A la 1:26 abrí los ojos y supe que el sueño había escapado por la ventana hacia la calle. El viernes me dormí temprano y y tal vez por eso el cuerpo, habituado a pocas horas de sueño con la madrugada para el colegio de los niños, jugó la broma. Me levanté resignado. Decidí no prepararme un café, solo agua tibia, para volver a la cama dos horas más tarde. Repasé las tareas del fin de semana y regresé al capítulo ajeno que corrijo para un libro en proceso. Me ilusiona la idea de terminar ese proyecto y ofrecer al mundo educativo colimense un libro que hoy no existe, uno que muestre la situación del sistema escolar estatal. No de todos los aspectos, por supuesto, no cabrían en un tomo, pero sí de algunos, agrupados en torno a dos ejes: el derecho y la calidad de la educación, que en realidad son uno, pues no se concreta el derecho si no es de calidad. Terminé pronto de corregir aquel capítulo. El sueño seguía de fiesta en la noche silenciosa y fresca desde mi balcón. La vigilia continuó.

Elegí comenzar la lectura de un libro: Zen en el arte de escribir, de Ray Bradbury.
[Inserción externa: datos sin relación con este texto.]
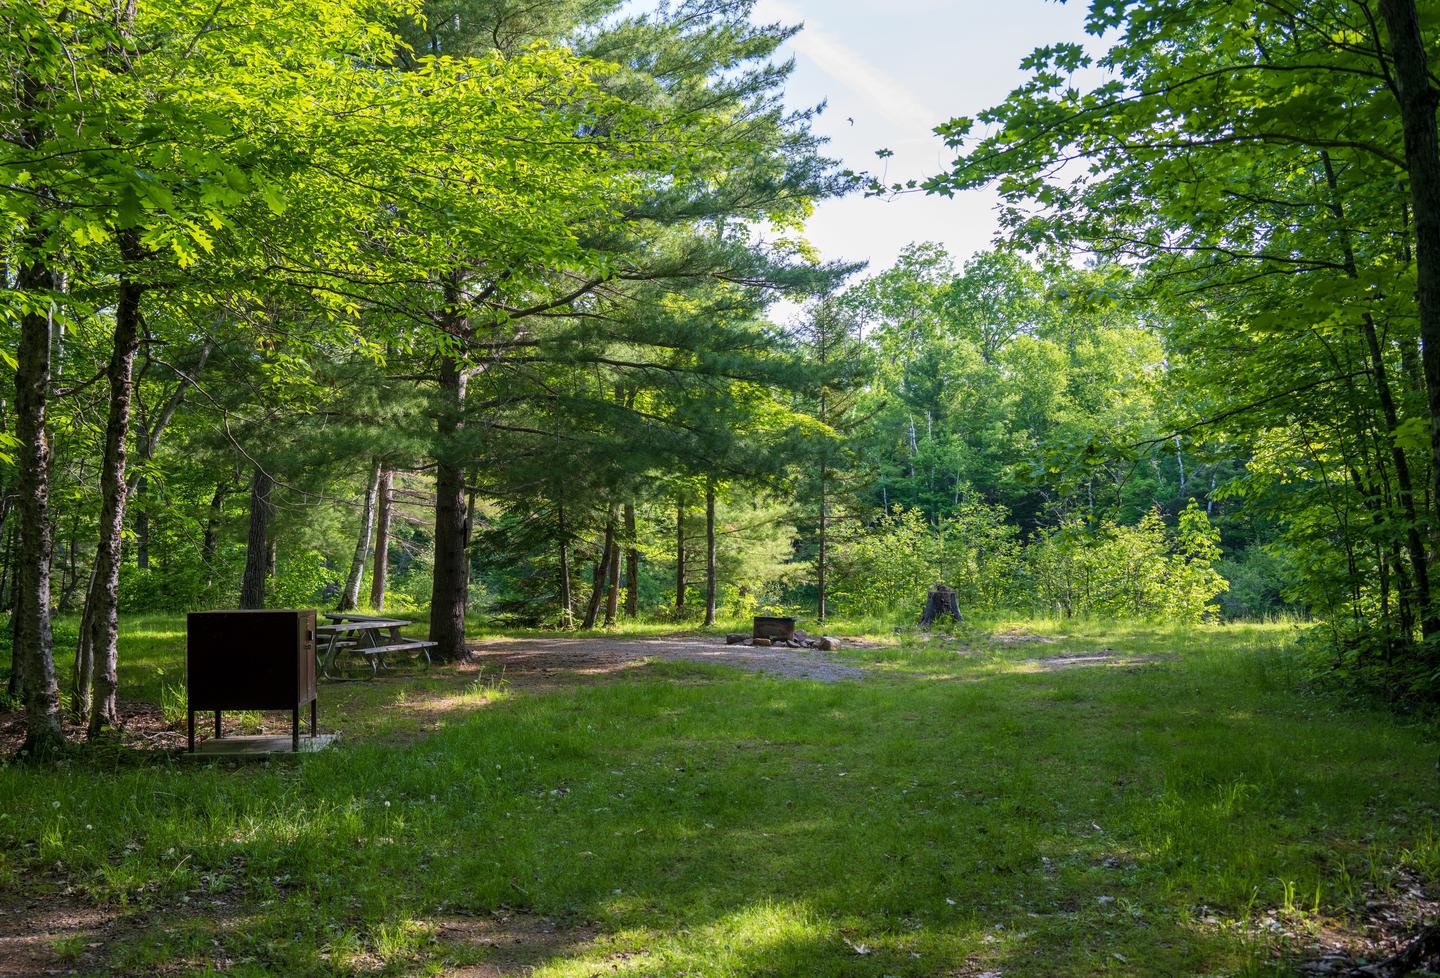 A brown metal food storage locker is near the entrance to the campsite. Two wooden picnic tables are available behind the food locker. A metal fire ring is to the right of the campsite, closer to the river.Upper East Branch is a large campsite. A metal food storage locker is available near the single vehicle parking space.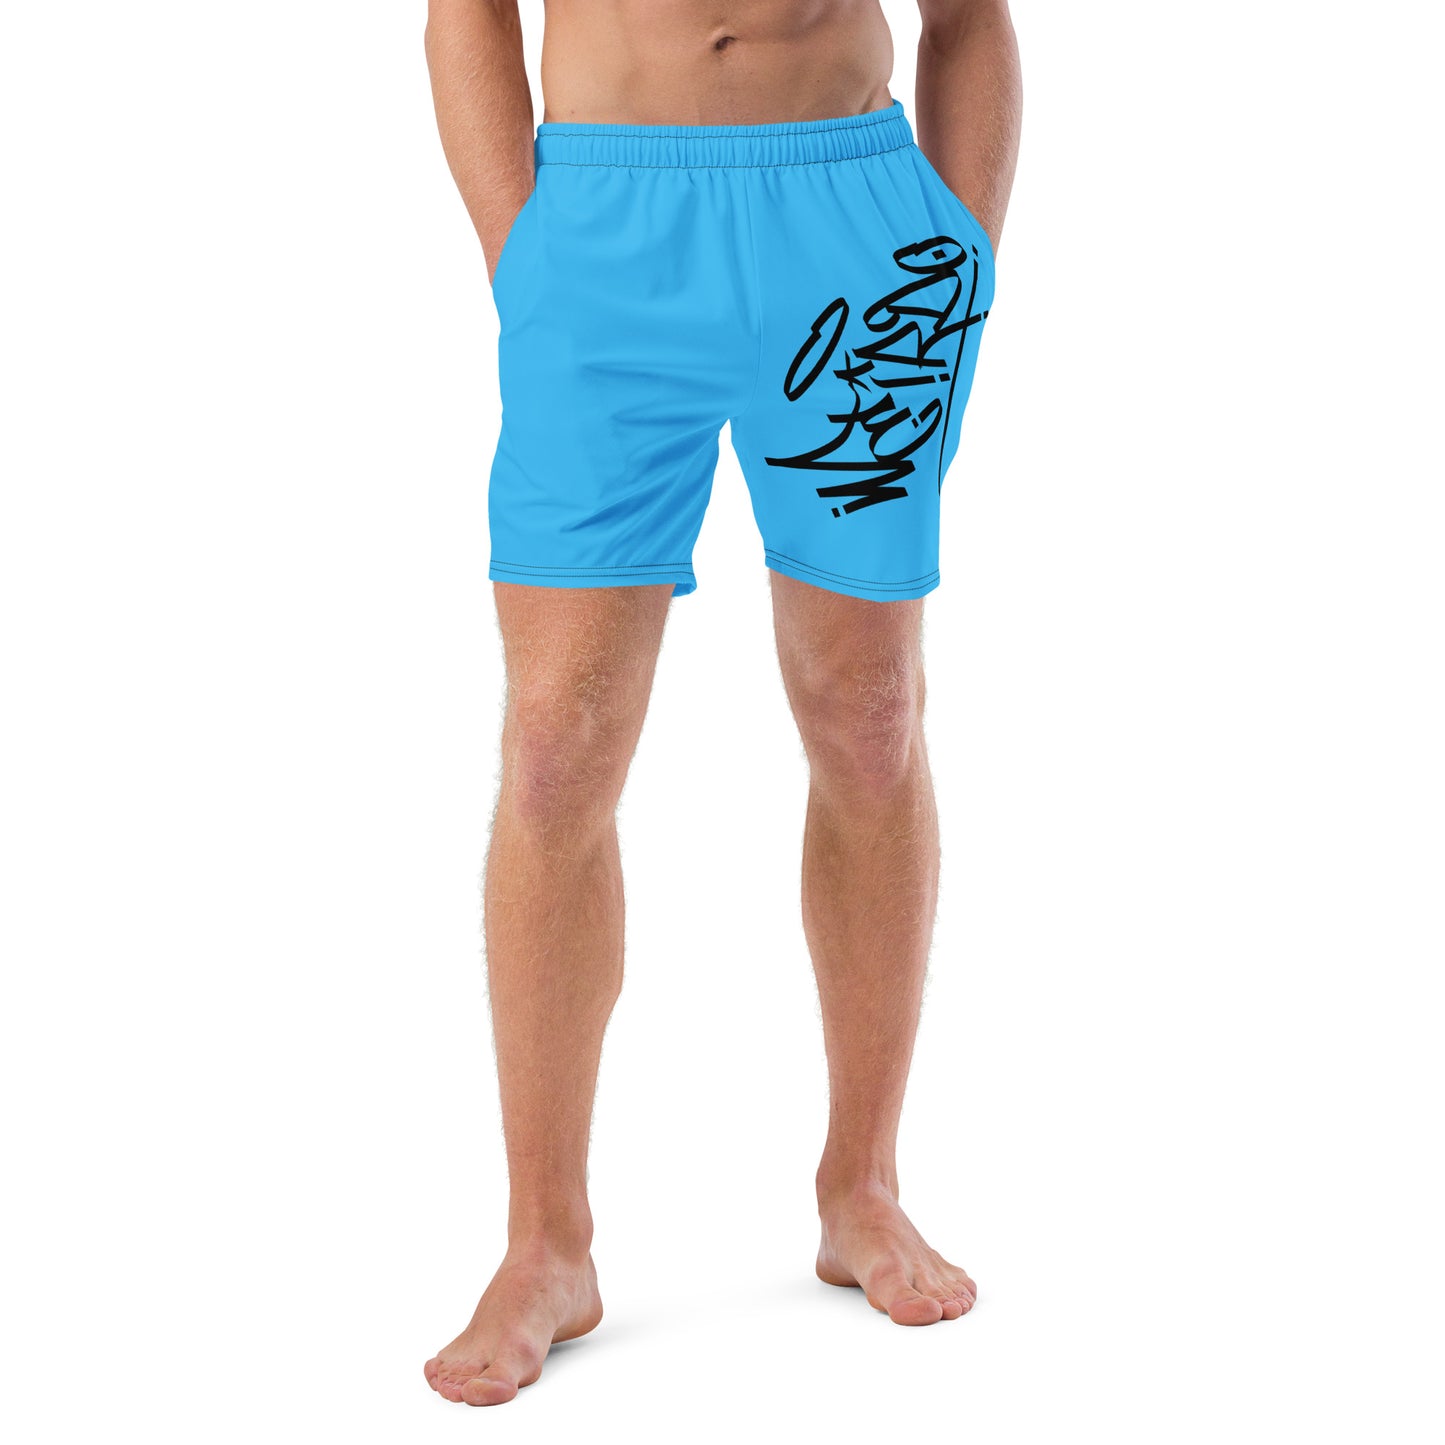 man wearing weirdo tag swim shorts blue by B.Different Clothing independent streetwear inspired by street art graffiti

Me sorprendió gratamente su carácter íntimo. Avancé veloz sobre las primeras 25 páginas y solo me detuve para escribir estas líneas a las 3:09. No sé si dormiré de nuevo, en todo caso, probablemente hoy bendiga la casi siempre odiosa compañía del insomnio. En mi cabeza dan vuelta algunas de las ideas leídas: escribiendo uno recuerda que está vivo, y eso es un privilegio, no un derecho / escribir es una forma de supervivencia / uno tiene que mantenerse borracho de escritura, para que la realidad no nos destruya.

La universidad en casa

Durante el curso que imparto en la Facultad de Pedagogía, Universidad de Colima, ensayo una propuesta que rebasa a la materia y desborda las actividades que habitualmente sostenemos maestros y alumnos en los espacios escolares. La llamé “La universidad en casa”. La idea es sencilla: al principio del semestre invité a las estudiantes [son mayoritariamente mujeres], a buscar un momento con su familia para analizar una noticia, observar un video, realizar una lectura, comentar un suceso o tema, al estilo de lo que solemos hacer en la universidad. Concluida la actividad, deben relatar lo sucedido y leerla en clase, frente al grupo. Luego, quienes escuchamos, comentamos.

La invitación fue acogida, en general, con agrado, si mis sentidos pedagógicos no me engañan. Nunca lo habían hecho antes, y si alguno sintió temor, prefiero pensar que vencerá el desafío de realizar algo distinto en casa, convertida por unos minutos en extensión de su facultad.

Después de algunas semanas empezamos a conocer los resultados. La experiencia, hasta donde vamos, es emocionante. La timidez de las estudiantes cuando se paran frente a sus compañeros y leen, nerviosos, ya es significativa para el profesor. ¿Cuántas actividades que hacemos en los salones de clase despiertan emociones de ese tipo? ¿Cuántas de nuestras planeaciones procuran desafíos personales? ¿Cuántas de nuestras actividades implican el entorno de los estudiantes? ¿Cuántas despiertan el nervio de las actividades más esencialmente humanas?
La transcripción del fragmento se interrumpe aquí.